▶ What is expected: From the listing below, restate word for word the lines from the line containing "Yuletide Burlap Stripe" down through the line containing "Мощный пожар уничтожил". Exclude pictures.

▶ Recorded data:
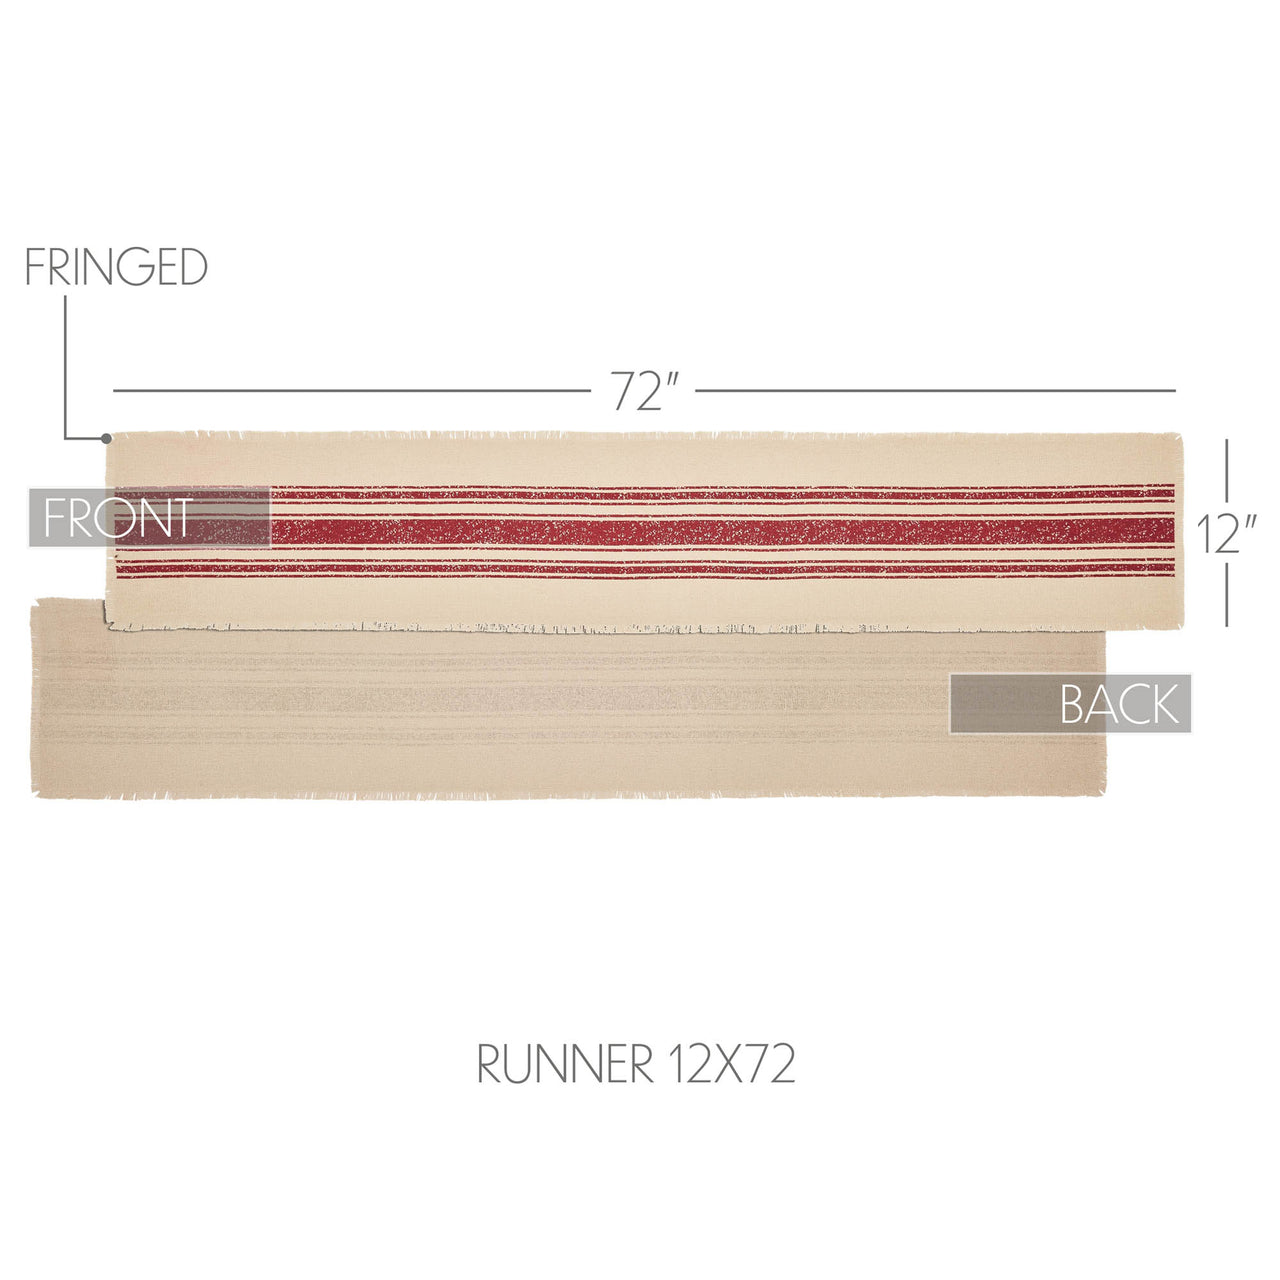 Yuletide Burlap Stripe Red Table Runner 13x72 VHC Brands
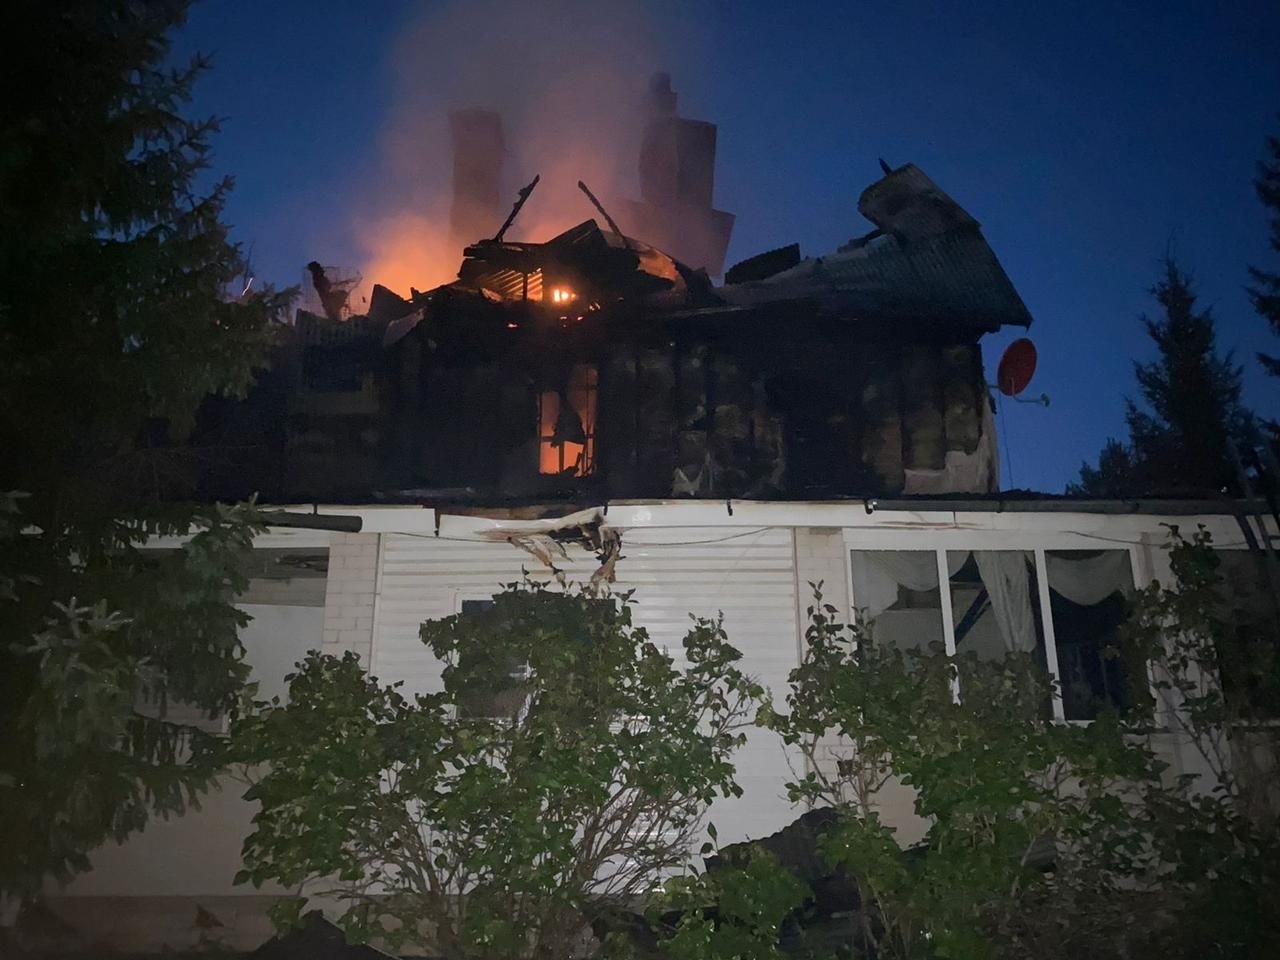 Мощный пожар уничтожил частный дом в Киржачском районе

--

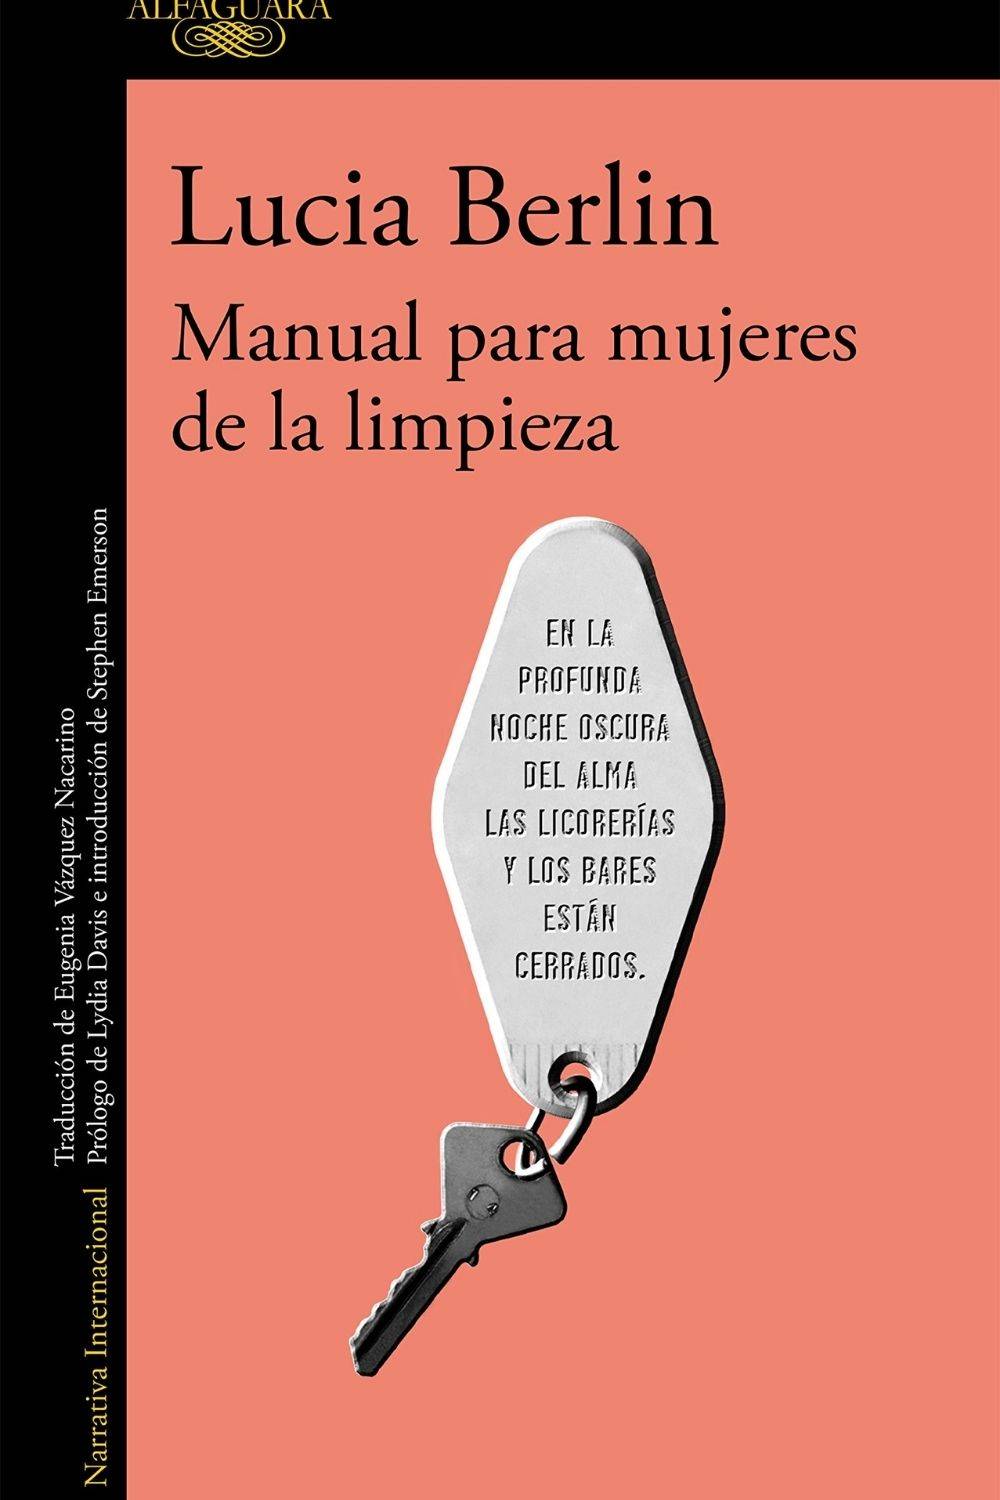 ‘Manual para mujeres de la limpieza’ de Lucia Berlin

▶ Task output:
 Yuletide Burlap Stripe Red Table Runner 13x72 VHC Brands
 Мощный пожар уничтожил частный дом в Киржачском районе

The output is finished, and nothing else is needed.